The EU General Data Protection Regulation went live at the end of May 2018, followed closely by the new UK Data Protection Act 2018. Both have had significant implications for organisations handling personal data and for many, the last two years have been a time of making sense of the legislation, understanding what the legislation means for their business and trying to implement improvements where current practices have been found to be lacking.

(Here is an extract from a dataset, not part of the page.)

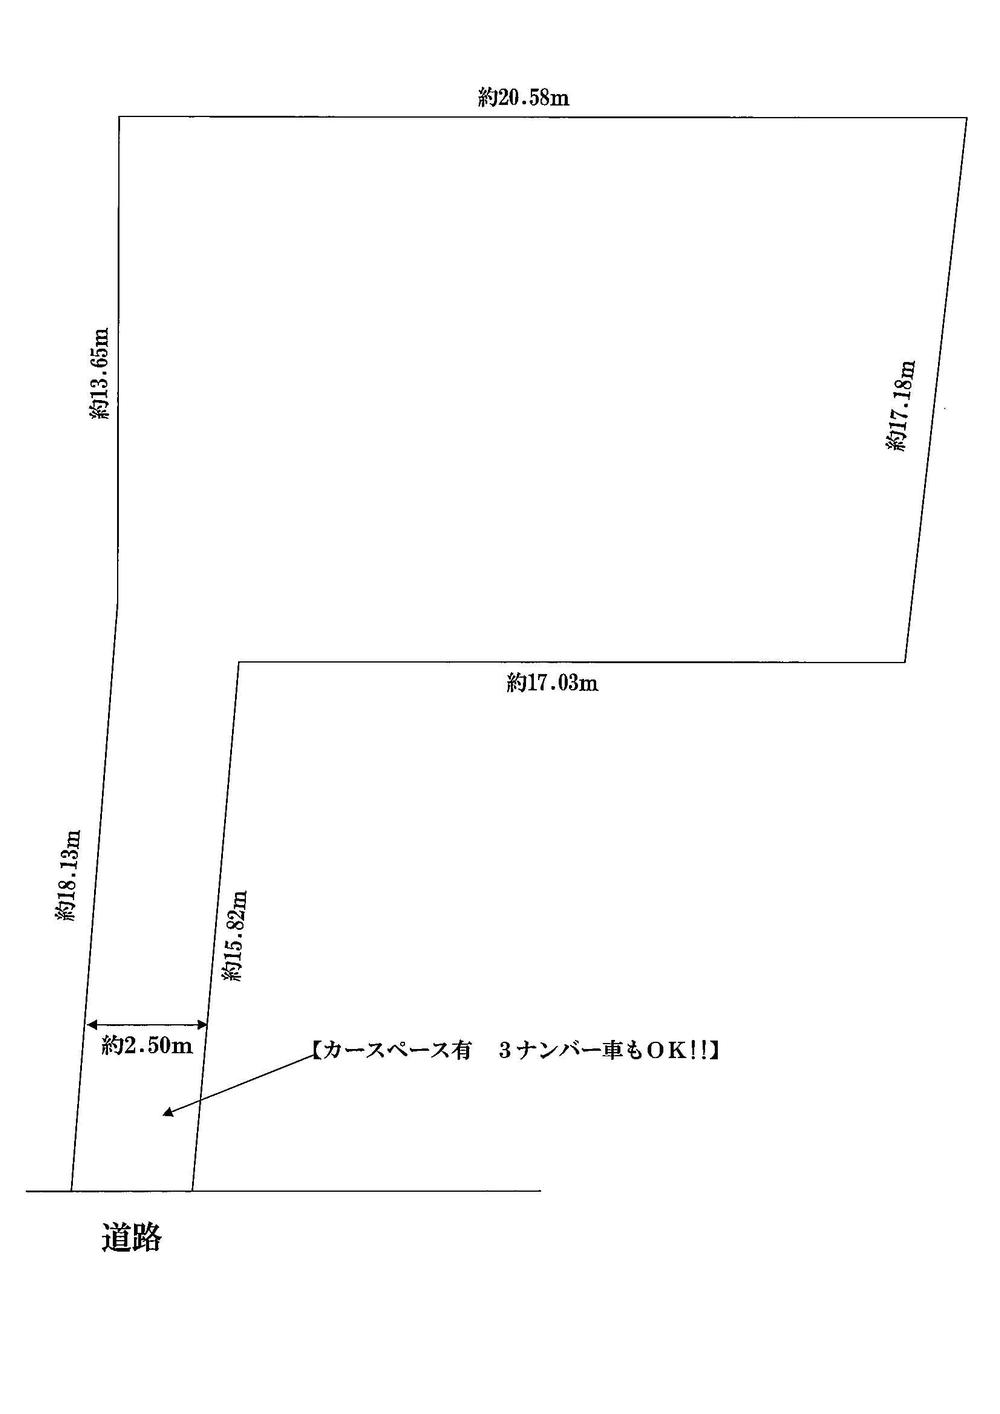 Compartment figure. Land price 63 million yen, There land area 367.83 sq m car space (3 number cars possible)

Many of the organisations we’ve supported, have made huge steps forward in data protection compliance, including improved practices around:
- Ensuring their staff understand their obligations in relation to data protection and IT Security
- Implementing a Privacy by Design approach to effectively managing information risks
- Ensuring they have clear processes in place for dealing with data breaches
- Supporting individual’s rights via clear privacy notices which document how individuals can exercise these rights
- Improved technical security of systems processing personal data
However, there is still work to be done, and even where clear structures are in place for managing risks to personal data, it will be key that these are effectively rolled out and used across your organisation. The ICO’s One Year On update reported their focus for the next year, alongside generally promoting and regulating data protection across the UK will be around their key regulatory areas of:
- Cyber security
- AI, big data and machine learning
- Web and cross-device tracking for marketing purposes
- Children’s privacy
- Use of surveillance and facial recognition technology
As supervisory authorities across Europe start to use their strengthened powers to fine and prosecute organisations and individuals, it will be key for all organisations to remain focused on implementing improvements in all areas of Data Protection and IT Security through 2019-20 and beyond.